Mon 23 April 2018 | 12:00
When I first come to Bahrain, I was hoping to discover the customs of the Middle East.
This turned out to be a very difficult thing as people who come to the gulf discover very early on.
You find yourself surrounded by many foreigners of many different nationalities and faiths.
They are all here to work, to achieve things for themselves and this is not what we expect to come for, this is not the culture that we are expecting to find.
So, for sometime Islam is obscured or masked from people that come to the Gulf. So, for a long time I didn't discover anything about Islam.
I heard the Adhan and I thought this is very beautiful, I asked what these words mean and people told me, but even so, this was just information. This is almost like tourism.
Ramadan in Turkey
It was in fact 10 years later after I traveled from Bahrain to Sharjah to Dubai and then to Turkey where I discovered something different.
That's not to say that Islam is better or greater in Turkey, not at all.
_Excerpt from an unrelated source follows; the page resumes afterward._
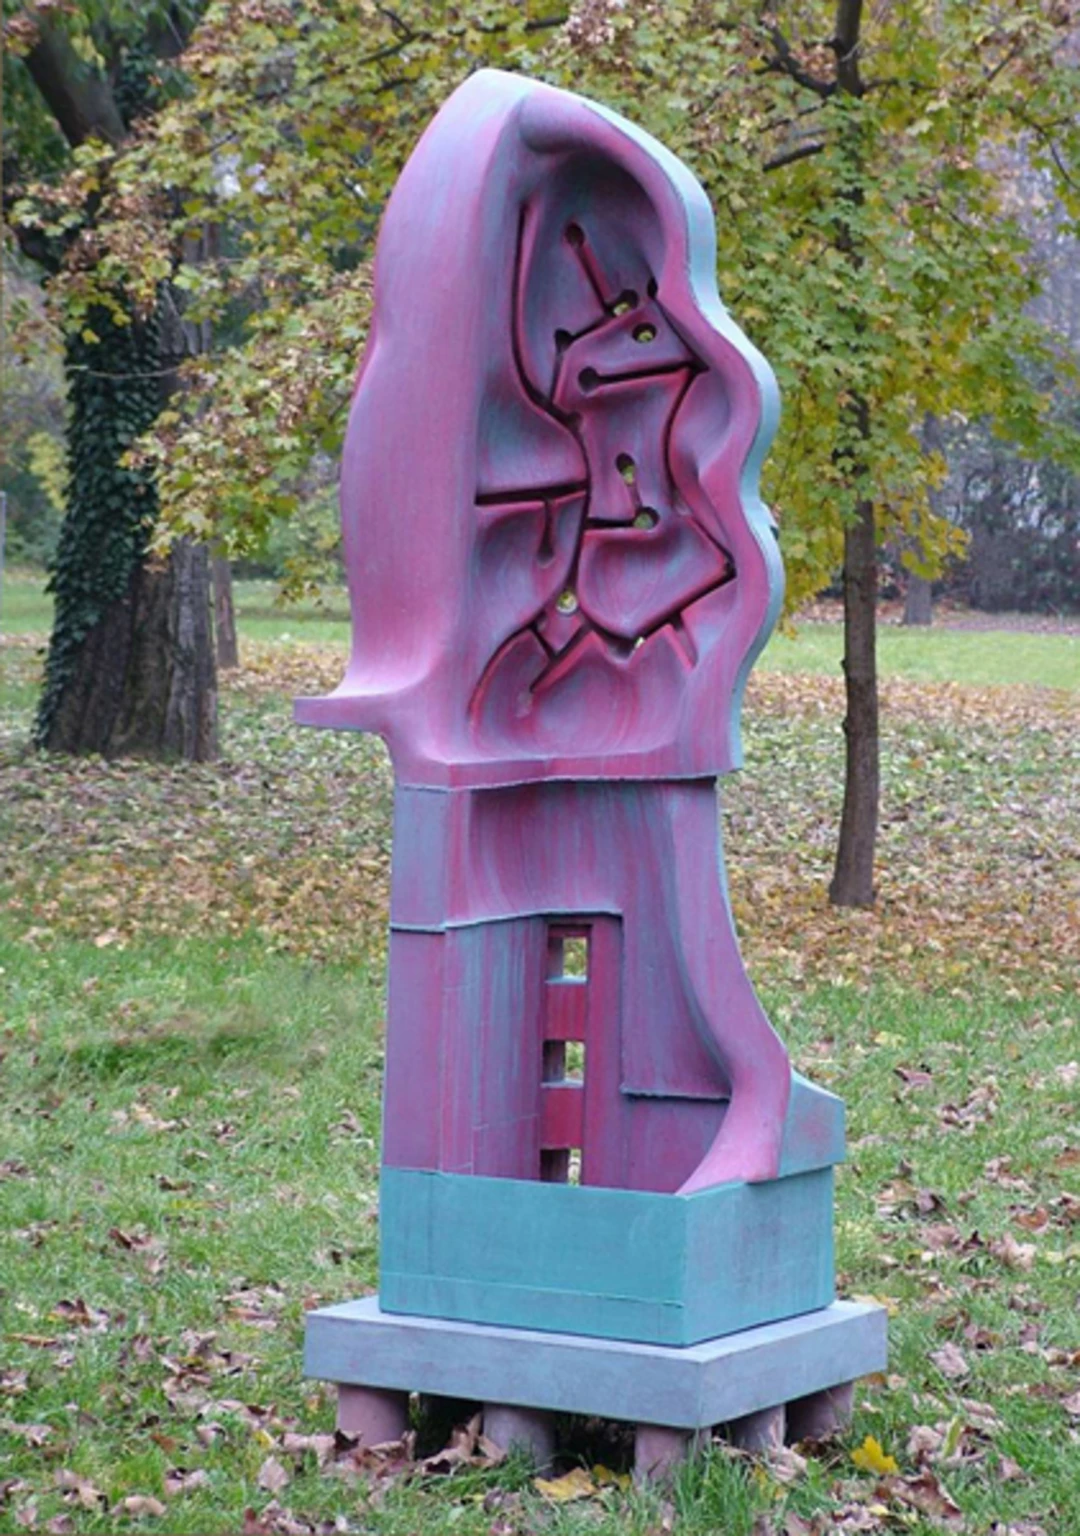 Shelter, 2005 - colored and painted concrete, 204 x 50 x 50 cm

In fact, sadly, Islam is suppressed in Turkey in many ways.
I discovered after my arrival in Turkey that there were so many wonderful things to find out about that country.
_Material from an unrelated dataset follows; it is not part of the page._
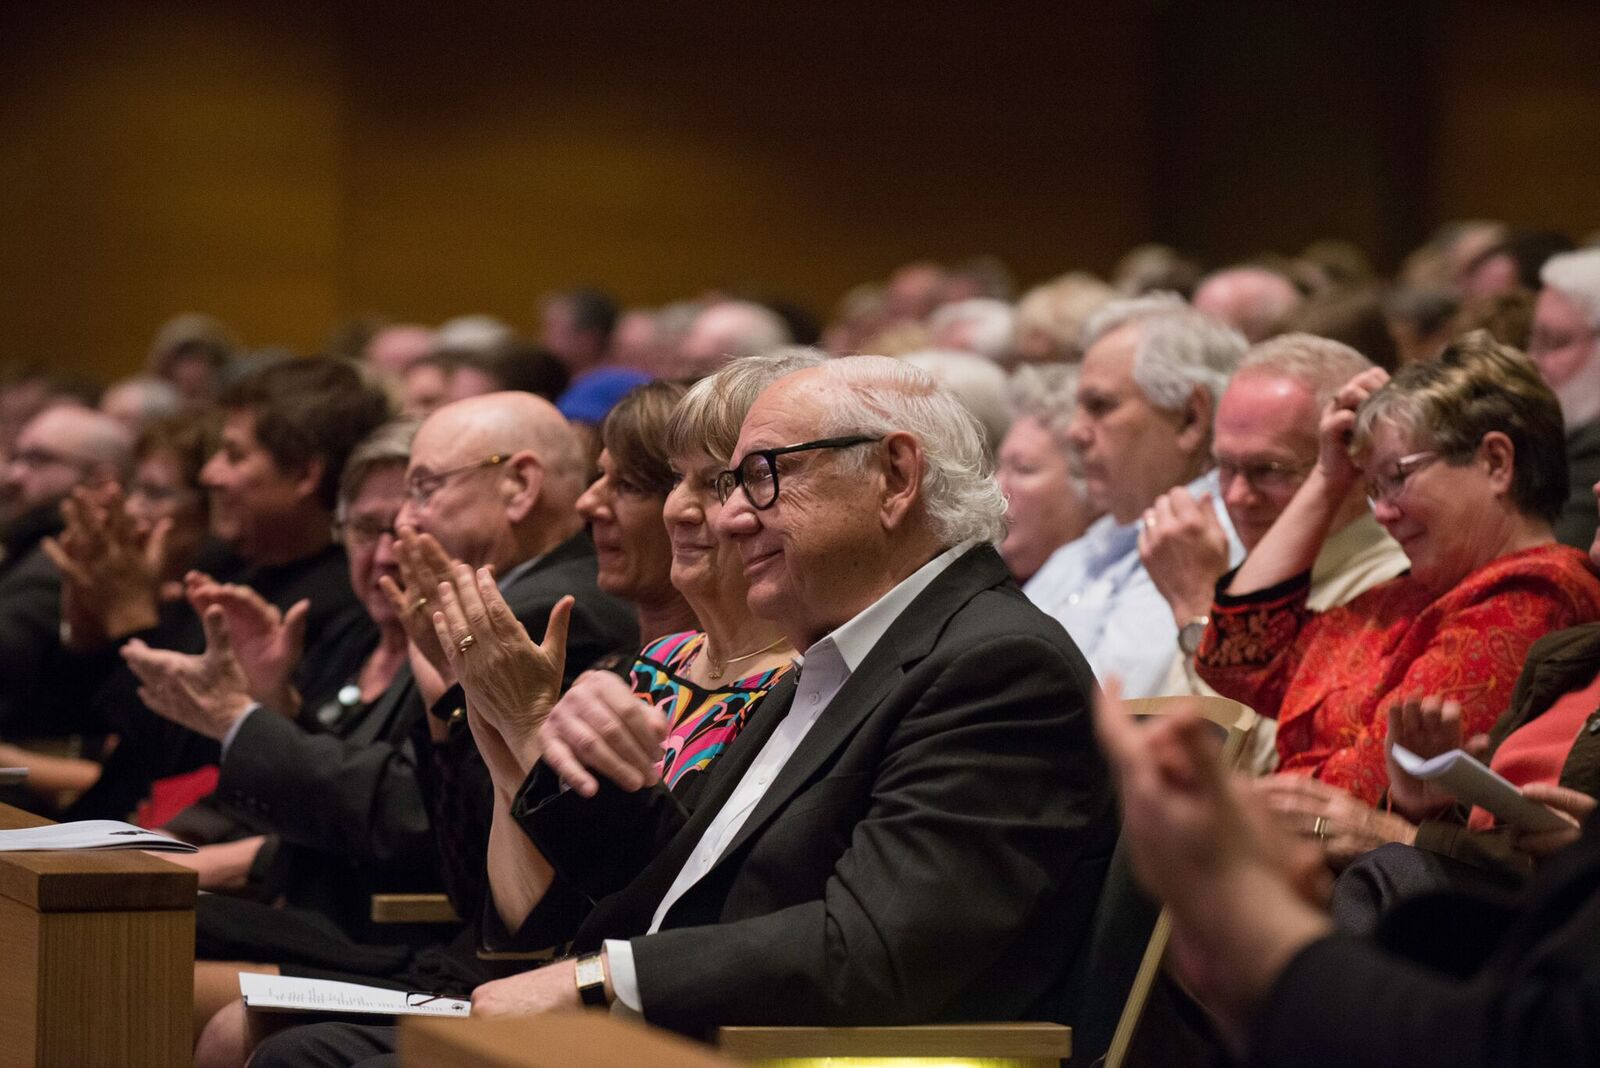 Dominick Argento in the audience for a performance in 2014. (Photo by Bruce Silcox, courtesy of VocalEssence and Boosey & Hawkes)

Of course it has a great Islamic history and this is what struck me visually straight away.
I immediately discovered beautiful Islamic architecture from the Ottoman period.
It was only after sometime in Turkey that I started to get to know the people in Turkey very well.
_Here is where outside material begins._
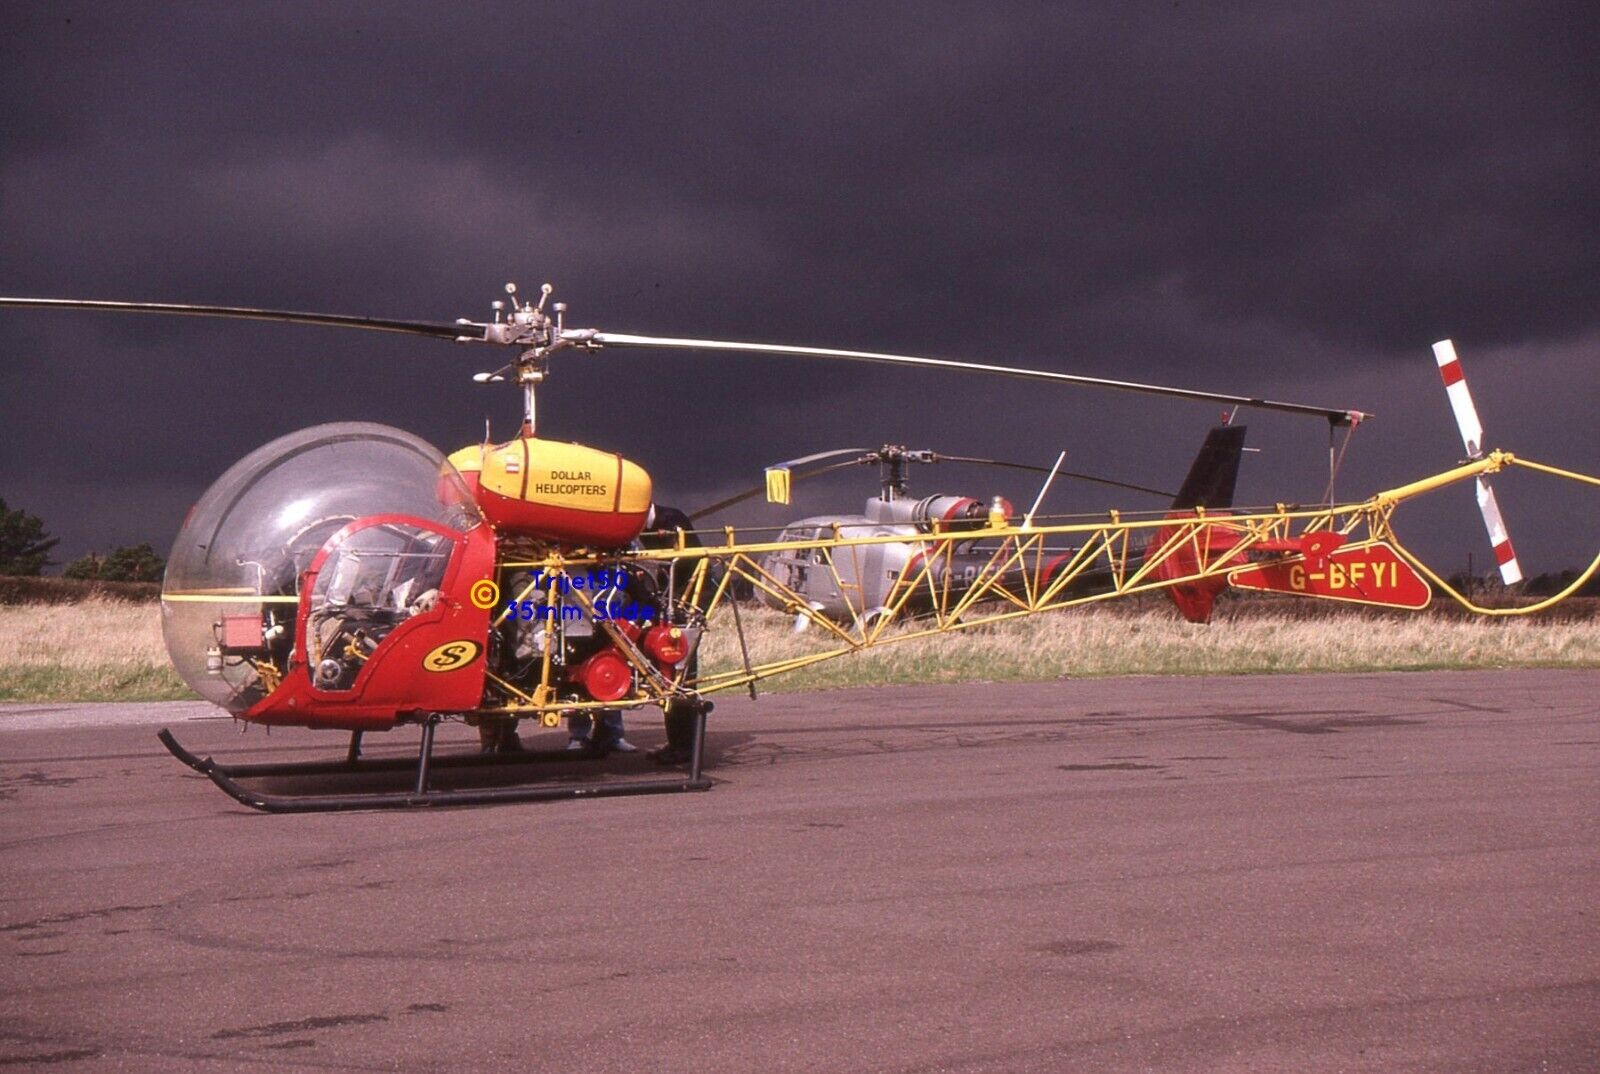 35mm Slide Bell 47 G-BFYI Dollar Helicopters 1988 PRM1199

Then it was Ramadan, something that I witnessed many times before in the Gulf, but something I just let it pass me by just as most westerners do.
Just an annoyance, an inability to get a cup of tea during the day.
The Best Muslims
In Turkey, I felt something different. I felt some sense of something else. I soon noticed that the people who were fasting in Ramadan were the people who already I decided that I like.
There was an obvious correlation between the best of the people and the people who fast it. These proved to be the best of the Muslims and I was attracted to them so I joined them.
I did what it seemed to be a strange thing, so I started to fast in Ramadan even though I wasn't a Muslim and I found it very pleasing in many ways, quite challenging in others, but very pleasing.
I enjoyed the fast, I enjoyed especially the few moments before the Adhan of Al-Maghrib (sunset prayer) and waiting quietly with people who were fasting all day, working quite through the day because in Turkey there were no allowances made for Ramadan in the work.
So people are fasting completely from the beginning of the day until dusk and they are working all the time. I did this also... I was impressed with this. It gave me a sense of achievement and it inspired me to do more studying.
Reading The Quran
Around this time somebody gave me my firstQuran, it was a Yusuf Ali translation and I was able to read it in the English and to understand something.
I was amazed when I read it because there was nothing strange in this book, and I expected it to be full of... eastern mysticism or whatever nonsense you like to think as a westerner can imagine.
There was nothing odd in it.
In fact what I discovered was it wasn't like the Bible.
I've never been able to understand the Bible. The Bible seemed to me to be full of contradictions, peculiar stories that didn't seem to adapt and things which didn't seem to be conveying the message of Christ.